The Jewish religious heritage, like any other cultural heritage, is a legacy of physical artefacts and intangible attributes that are inherited from past generations, maintained in the present, and bestowed for the benefit of future generations. The relationship between the physical objects, which often include important artefacts, and their intangible though meaningful attributes, by and large determines the value of the heritage and the need to ensure its sustainability over long periods of time.

Insofar as Jewish sacred buildings and sites are concerned, their types are specified as synagogues of various kinds, ritual baths, cemeteries, and funerary ritual buildings. Jewish sacred edifices—when active—feature a composition of movable and immovable objects, interconnected by respective ceremonial roles and bearing manifold cultural meanings. These meanings, expressed in iconic shapes and evocative inscriptions, integrate ceremonial objects and architectural forms into the religious context of Judaism, anchoring and positioning them within the history of the Jewish people. Moreover, objects often bear the names of their donors, commemorating them and their family members, and facilitate recollection during memorial events. All these means contribute to the artistic value of objects: they assemble the movable and immovable objects into a Jewish sacred place and a place of memory. This ensemble is further enriched by documented and legendary narratives, personal and family reminiscences, artistic and photographic depictions, belles lettres, and other forms of reflection. No less important is the role played by Jewish sacred buildings in the European cityscape. All these determine the value of the Jewish cultural heritage and bring forth the need for its protection. The Jewish community and the majority society should be aware of this need.

The Jewish heritage features a vast variety of forms, trends, and styles based on liturgical, traditional, cultural, and artistic diversities across Europe, on capabilities of particular communities and their constituent groups. Historical divisions between Sephardi and Ashkenazi Jews, between Polish Jews and the so-called Litvaks, between the followers of the traditional Ashkenazi rite and the Hasidic denominations, between Reform Jews and Orthodox traditionalists, between Jewish groups of ancient origins such as the Romaniotes in Greece and their Jewish brethren of other descents—all these influence the richness of the multifaceted Jewish heritage in which every gem is a treasure for all.
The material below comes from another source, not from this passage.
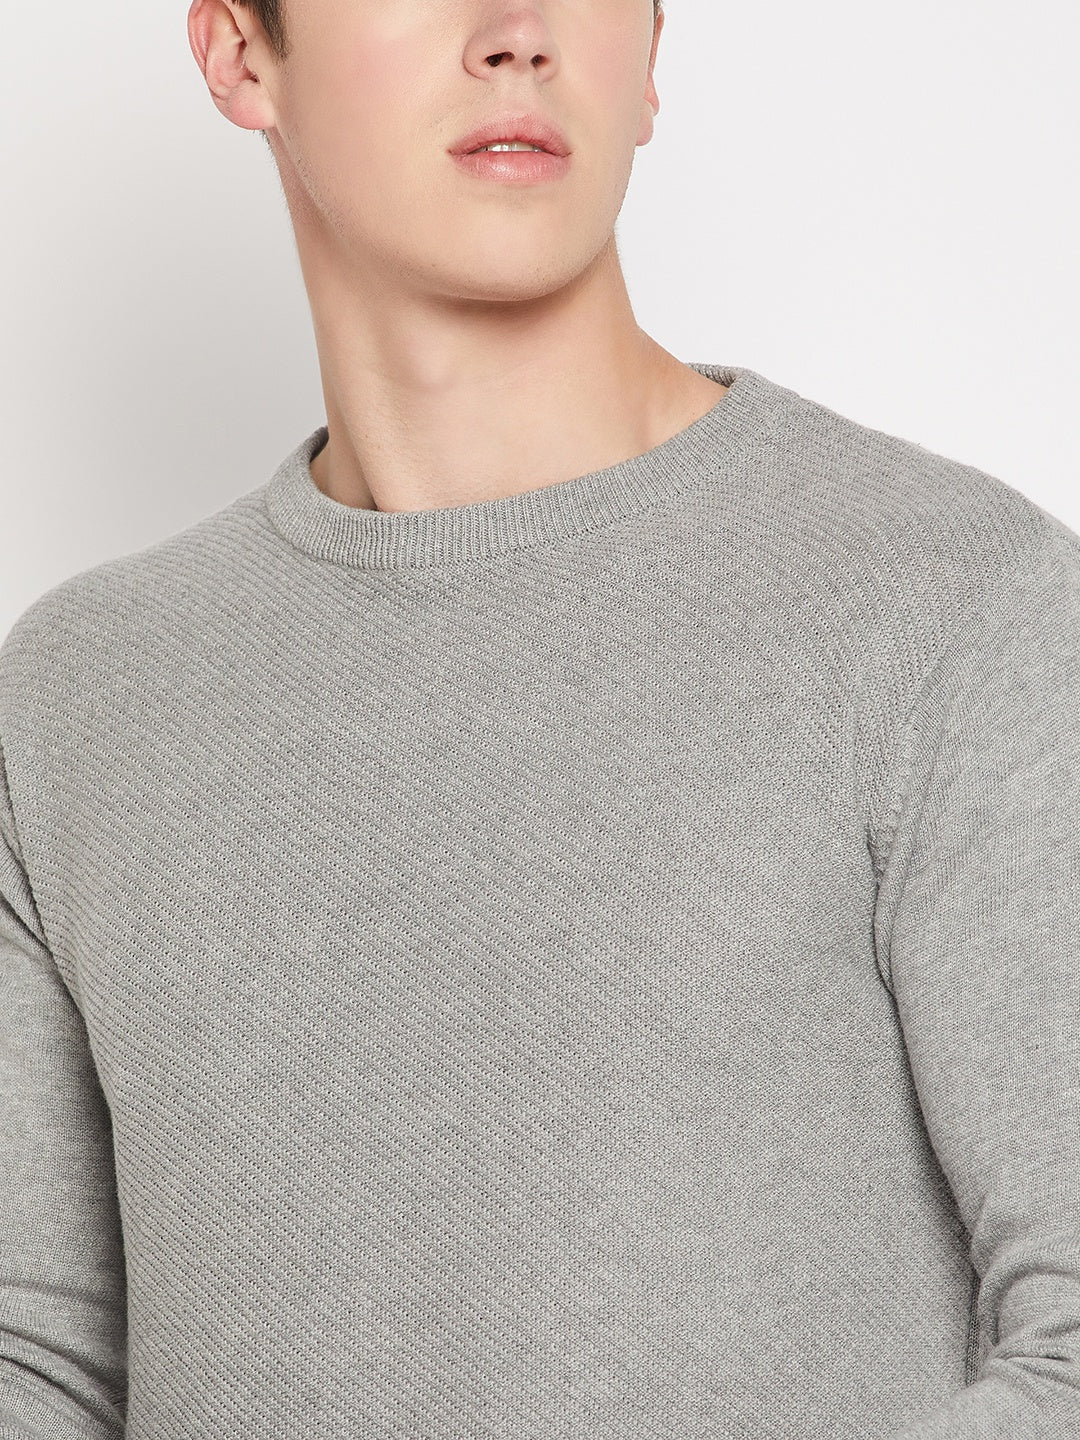 Camla Barcelona Grey Sweater For Men

Due to diverse historical paths travelled by European Jewish communities, not every community or group can develop and maintain its heritage with the same degree of success. The Sephardi Jews, expelled in the late fifteenth century from the Iberian Peninsula, built magnificent synagogues in Italy, the Netherlands, England, and the Balkans, while their achievements in the Polish-Lithuanian Commonwealth were far less impressive. The Jews fleeing to Amsterdam from the territory of present-day Ukraine in the mid-seventeenth century were initially seen by their Sephardi brethren as impoverished ‘Polacos’; nevertheless, they united with other Ashkenazi groups to create there prosperous communities possessing monumental synagogues. Reform Judaism, that originated in a secularly educated elite in Germany in the late eighteenth century, in one century became the mainstream among the Jewry of Bohemia and Moravia. Hasidism, once a ‘malicious sect’ in the eyes of the Austrian and Russian authorities, has attained an ultimate popularity throughout the Jewish world during almost three centuries of its history.
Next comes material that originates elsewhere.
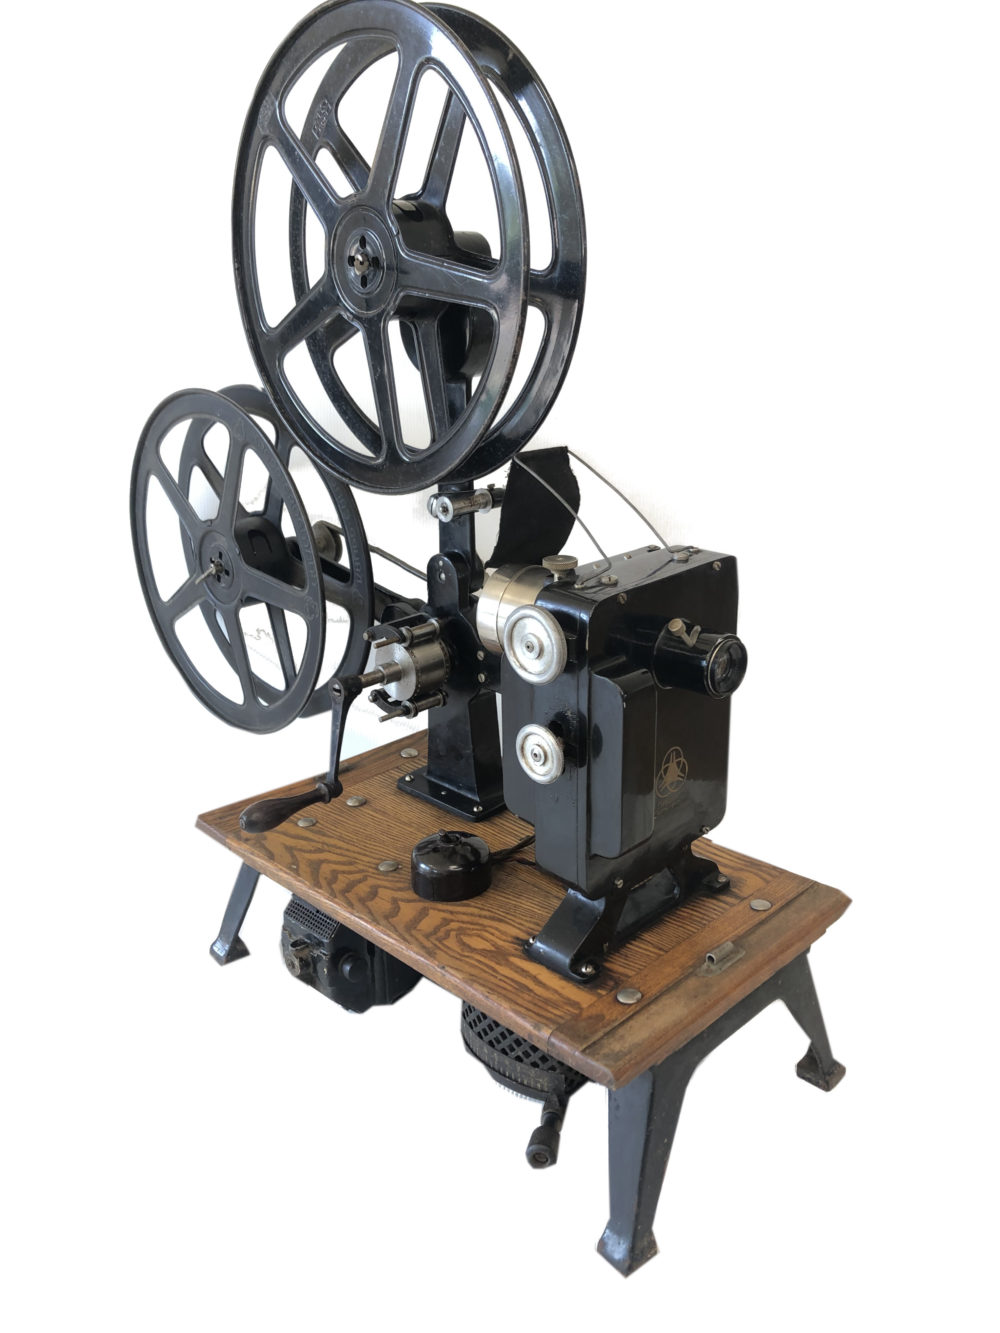 Krupp-Ernemann Kinox projecteur cinéma 35 mm vers 1925 Allemagne.

The impact of these developments, as well as of less influential historical events formative to the Jewish heritage, was incomparably overwhelmed by the Second World War. Starting with the Kristallnacht of 1938, Jewish sacred buildings were massively desecrated, looted, burned down, destroyed, sold to the ‘Arians’, or disassembled. This practice was spread throughout other European countries by the initially victorious Nazis and their allies; moreover, it complemented the extermination of the Jewish people. This barbarian action had a tragic impact on the Jewish heritage in countries under the control of the Nazi coalition.

According to the estimations of the Center for Jewish Art at the Hebrew University of Jerusalem, Belarus preserved only 135 synagogues (ca. 8% of their number before the war), Moldova – 27 (ca. 9%), Lithuania – 106 (ca. 11%), Latvia 38 (ca. 11%), and Ukraine – 474 (ca. 13%). The situation was only slightly better in Poland and Romania, where the majority of the synagogues that survived the war were demolished during the post-war period under Communist rule: in Poland were preserved 356 synagogues (15%), Romania – 97 (17%), and in former Yugoslavia: Bosnia – 14 (35%), Croatia – 16 (19%), and Serbia 19 (15%). The situation was no different in Greece with its 20 preserved synagogues (22%). Further north and west, the losses were lower: Germany preserved 849 synagogues (35%), France – 190 (49%), the Netherlands – 124 (56%), Belgium – 10 (76%), the Czech Republic – 274 (44%), and Slovakia – 149 (63%), %), Bulgaria preserved 20 synagogues (71%).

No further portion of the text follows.